Les célébrations qui ont suivi la Coupe du monde 1998 de foot ont laissé le Rond-point des Champs-Elysées dans un triste état… Les sculptures de Max Ingrand qui trônaient au milieu des six pièces d’eau cernant la place depuis 1958 ont été piétinées, laissant cette place emblématique de Paris dans un état de semi-abandon. Il y a trois ans, la Ville de Paris a donc chargé les Bouroullec d’imaginer un dispositif pour redonner vie à cette place rendue chaotique par l’empilement des aménagements urbains. La fratrie a souhaité s’inscrire en douceur dans un contexte géographique et culturel très particulier. Comme le souligne Ronan, « les Champs-Elysées sont « un lieu à la fois prestigieux et populaire, où s’expriment les joies comme les colères des Français ».
Les designers ont conçu un dispositif constitué de six fontaines identiques, chacune implantée dans un bassin, ce qui permet au rond-point de retrouver une certaine symétrie. Pour autant, ces fontaines conservent une hauteur modeste (13 mètres) pour se fondre en douceur dans l’alignement d’arbres qui scandent l’avenue et marquent côté sud le début des avenues Montaigne ou Matignon.
Les fontaines déploient chacune un mât en bronze élancé, hérissé de branches d’où l’eau ruisselle en scintillant le long d’une chaîne de cristal illuminée durant la nuit. Les Bouroullec ont travaillé avec Swarovski qui a développé spécialement un cristal ultra-résistant et qui n’éclate pas s’il est soumis à de fortes pressions. Le reste du dispositif a été fabriqué par des artisans de toute la France qui ont développé des pièces sur mesure. En termes de design, les deux frères affirment avoir recherché la simplicité pour simplifier l’entretien et allonger la durée de vie de leur œuvre. Et contrairement à beaucoup de fontaines parisiennes, tout le mécanisme hydraulique de propulsion a été rendu invisible, dissimulé sous la surface du rond-point.

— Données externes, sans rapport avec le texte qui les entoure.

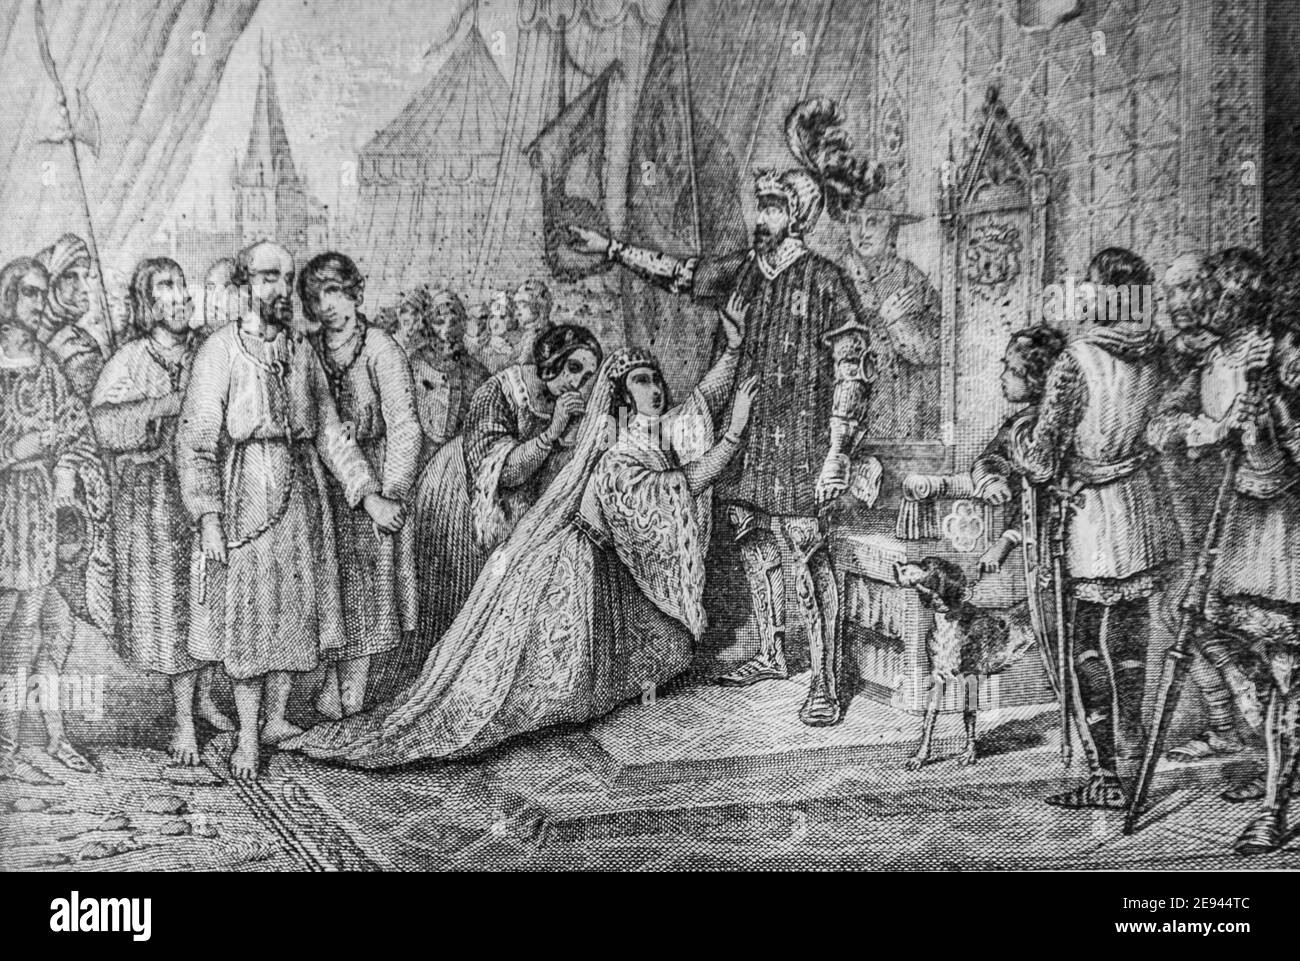 les Bourgeois de calais 1328-1340, histoire populaire de france par henri martin,editeur furne 1860 Stockfoto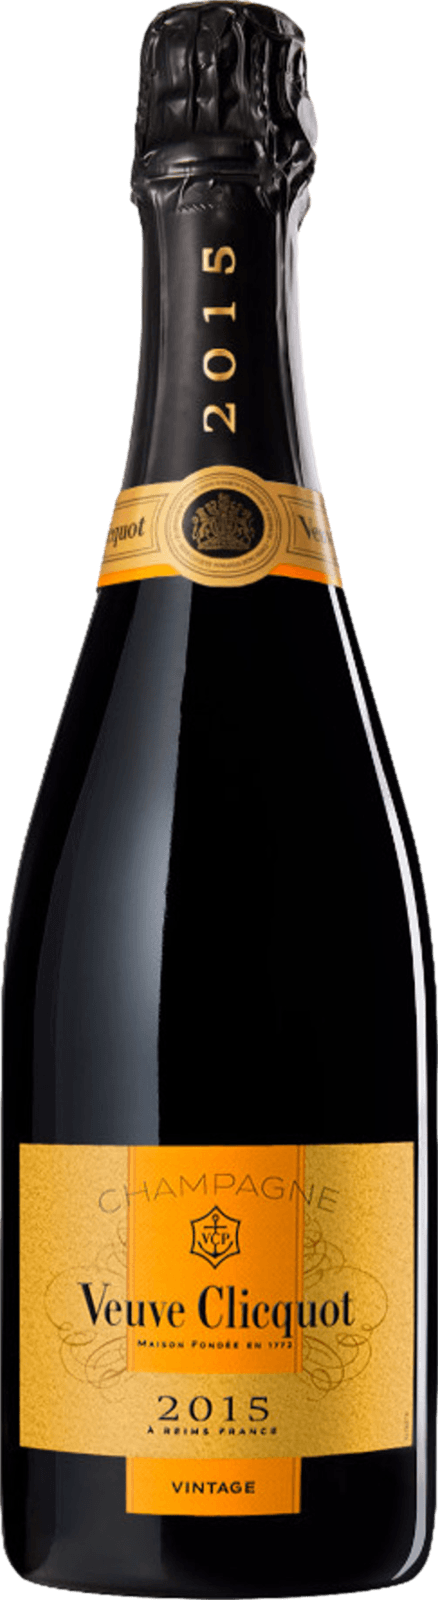 Champagne Veuve Clicquot Vintage 2015

Les six fontaines tournent sur elles-mêmes de façon très lente (entre 0,5 et 2 tours par minute) comme pour créer un ballet qui se cale sur le rythme des passants et les apaise par sa présence et son bruit d’eau qui étouffe le bruit des moteurs. Elles procurent ainsi de la fraîcheur en été et une poésie chaleureuse en hiver. Comme les autres fontaines parisiennes, elles seront mises hors d’eau durant les mois les plus froids mais continueront de tourner. Lors de la présentation à la presse le 12 mars, Ronan remarquait que durant les travaux d’installation, il avait pu constater que le cristal permettait de refléter l’ambiance de la ville : grise sous un ciel menaçant, rosée lors d’un coucher de soleil…
Le chantier, d’un coût total de 6,3 millions d’euros a été financé par le Fonds pour Paris, un organisme privé créé à l’initiative de la mairie de Paris afin de fédérer les mécènes (Dassault, Swarovski, Galeries Lafayette, amis aussi le Qatar…) qui souhaitent soutenir des projets d’infrastructures culturelles et patrimoniales dans la capitale. Après s’être longtemps focalisé sur les seuls projets de design industriel, les Bouroullec semblent avoir jeté leur dévolu sur la ville depuis leur exposition à Rennes où ils formulaient des propositions pour l’espace urbain. Après des kiosques à Paris et Rennes et un aménagement paysager à Miami, ils signent un projet phare pour Paris.